A principal problemática do livro gira em torno da condenação ferrenha do cristianismo à pratica da usura. Segundo os católicos, o usurário era a pior espécie de ser humano. Enquanto ladrões roubavam bens e objetos, o usurário roubava Deus. Ora, se o usurário empresta o dinheiro e recebe o lucro em cima do tempo, sendo Deus o único dono e senhor do tempo, logo o usurário está roubando a Deus. O problema é que essa condenação exagerada do usurário começou a se tornar inconveniente quando aos poucos o sistema capitalista começou a dar mostras de nascimento. Então, convenientemente, criou-se a idéia de que um usurário, caso devolvesse o lucro ilícito proveniente da usura antes da morte, poderia encontrar a salvação – esta provavelmente pelo purgatório. Como em um determinado trecho é explicitado: “O purgatório, decididamente, não é mais do que uma oportunidade que o cristianismo dá ao usurário no século XIII, mas só o purgatório lhe assegura o paraíso sem restrição.”

O livro ilustra através de pequenas parábolas da época o medo que o usurário tinha da morte e todos os infortúnios que a prática da usura o traria, em vida ou após a morte. Mostra também o quanto essa aversão contribuiu para agravar a imagem negativa que o ocidente medieval cristão possuía dos judeus.

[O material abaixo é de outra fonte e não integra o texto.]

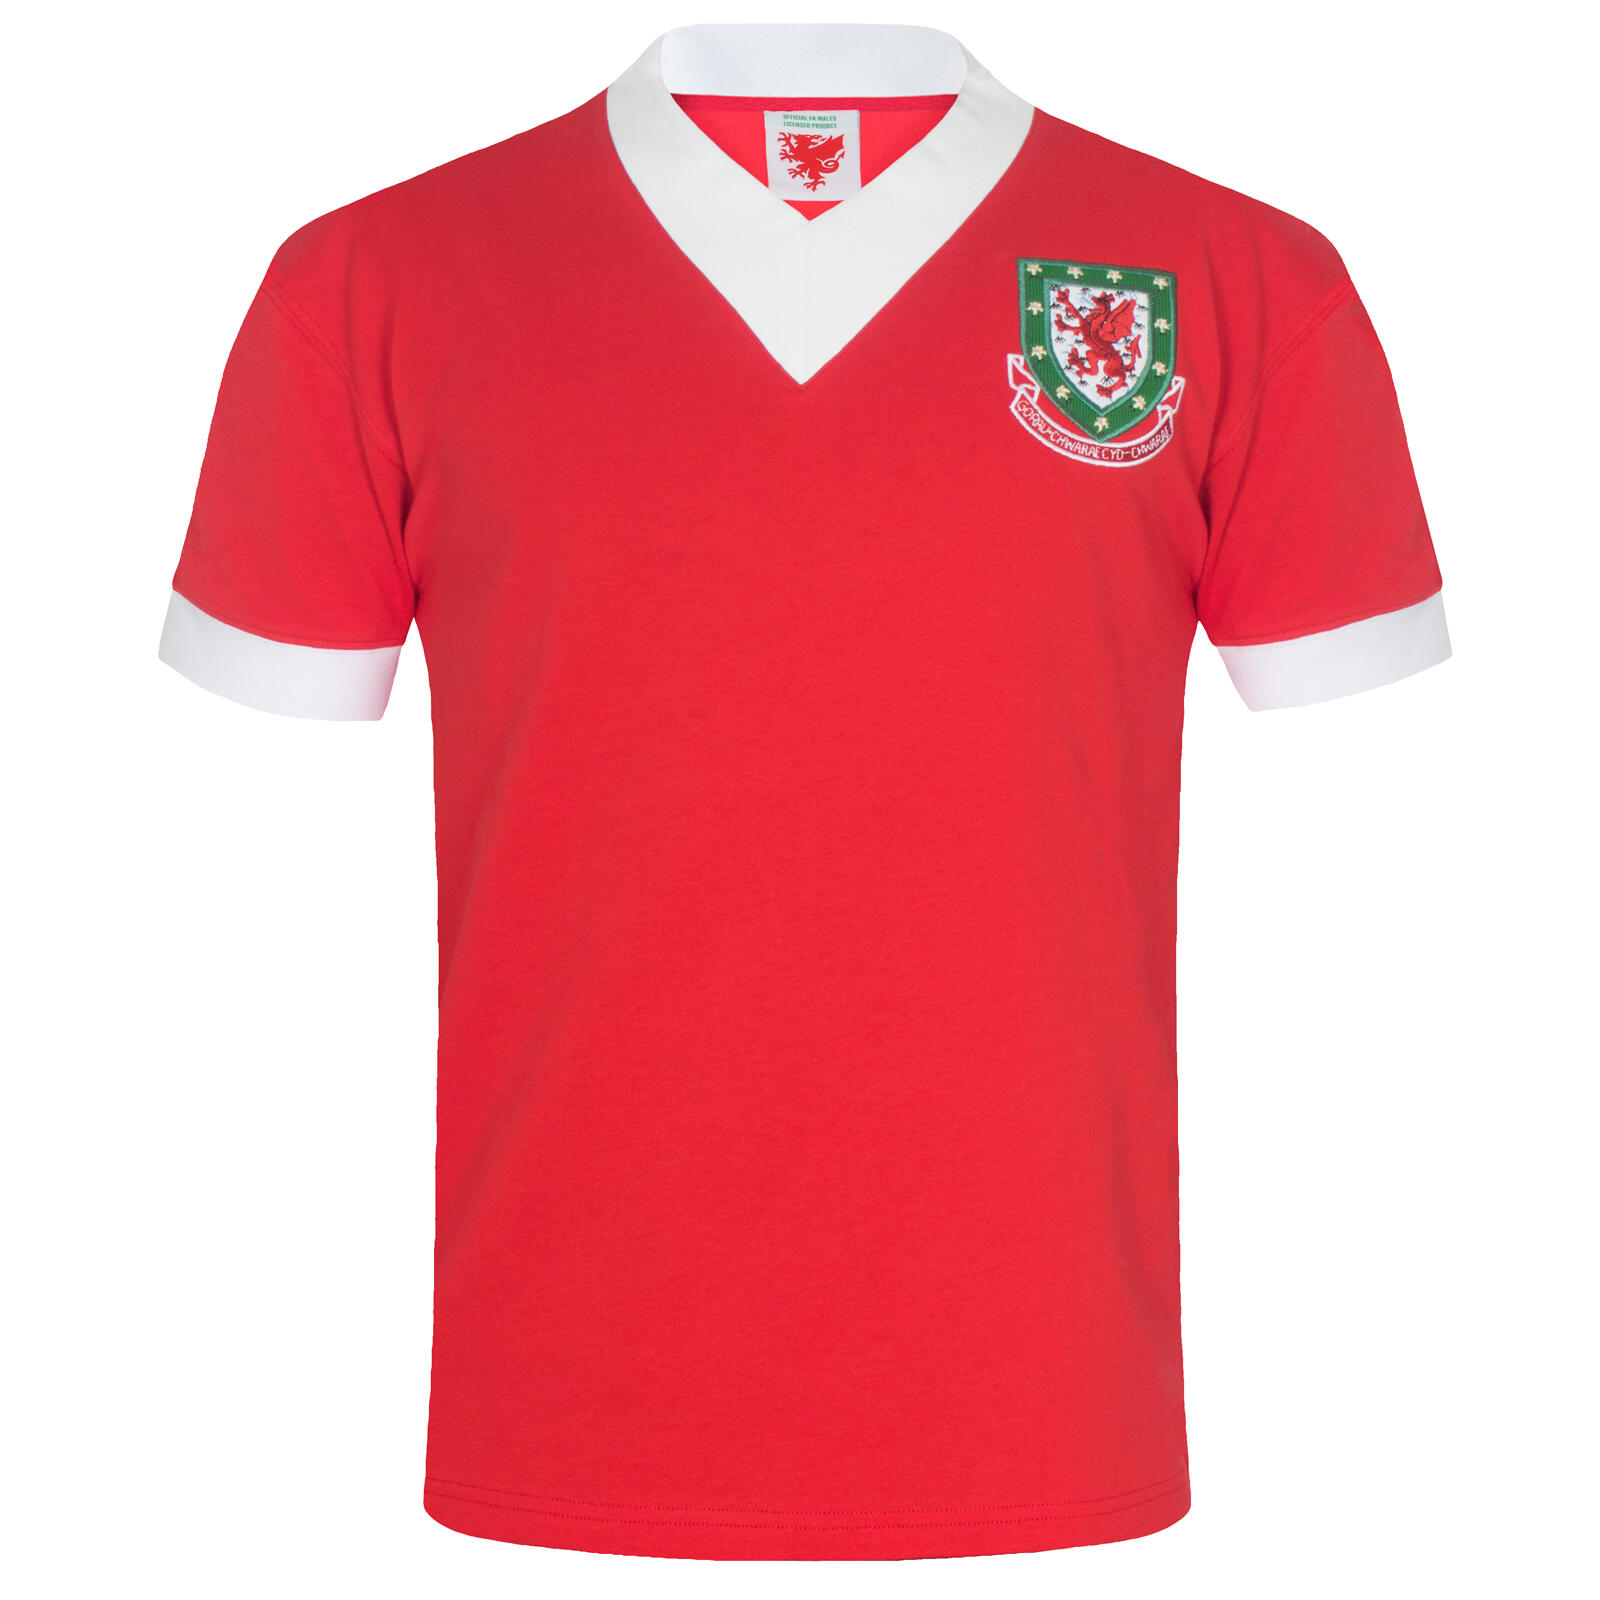 FA WALES Wales Cymru FAW Official Gift Mens Retro 1958/1976/1984 Football Kit Shirt Red

Porém, como já dito anteriormente, os usurários foram peças fundamentais para a formação do capitalismo como o conhecemos atualmente. Os usurários do passado – pelo menos boa parte deles – se tornaram comerciantes, e assim esses sistema econômico teve seu surgimento.


Considero o trabalho anteriormente resenhado (O Deus da Idade Média) mais interessante, mas devo dizer que isso se deve ao fato de eu ser mais interessado nos aspectos religiosos do que político-econômicos das civilizações. Este livro torna-se de grande valia para qualquer um que queira entender como a religião teve que adaptar-se às mudanças da sociedade, mesmo aquelas que feriam suas doutrinas mais antigas.

Preço médio: 21,90

Jacques Le Goff - O Deus da Idade Média

LE GOFF, Jacques. O Deus da Idade Média: conversas com Jean-Luc Pouthier; Rio de Janeiro: Civilização Brasileira, 2007.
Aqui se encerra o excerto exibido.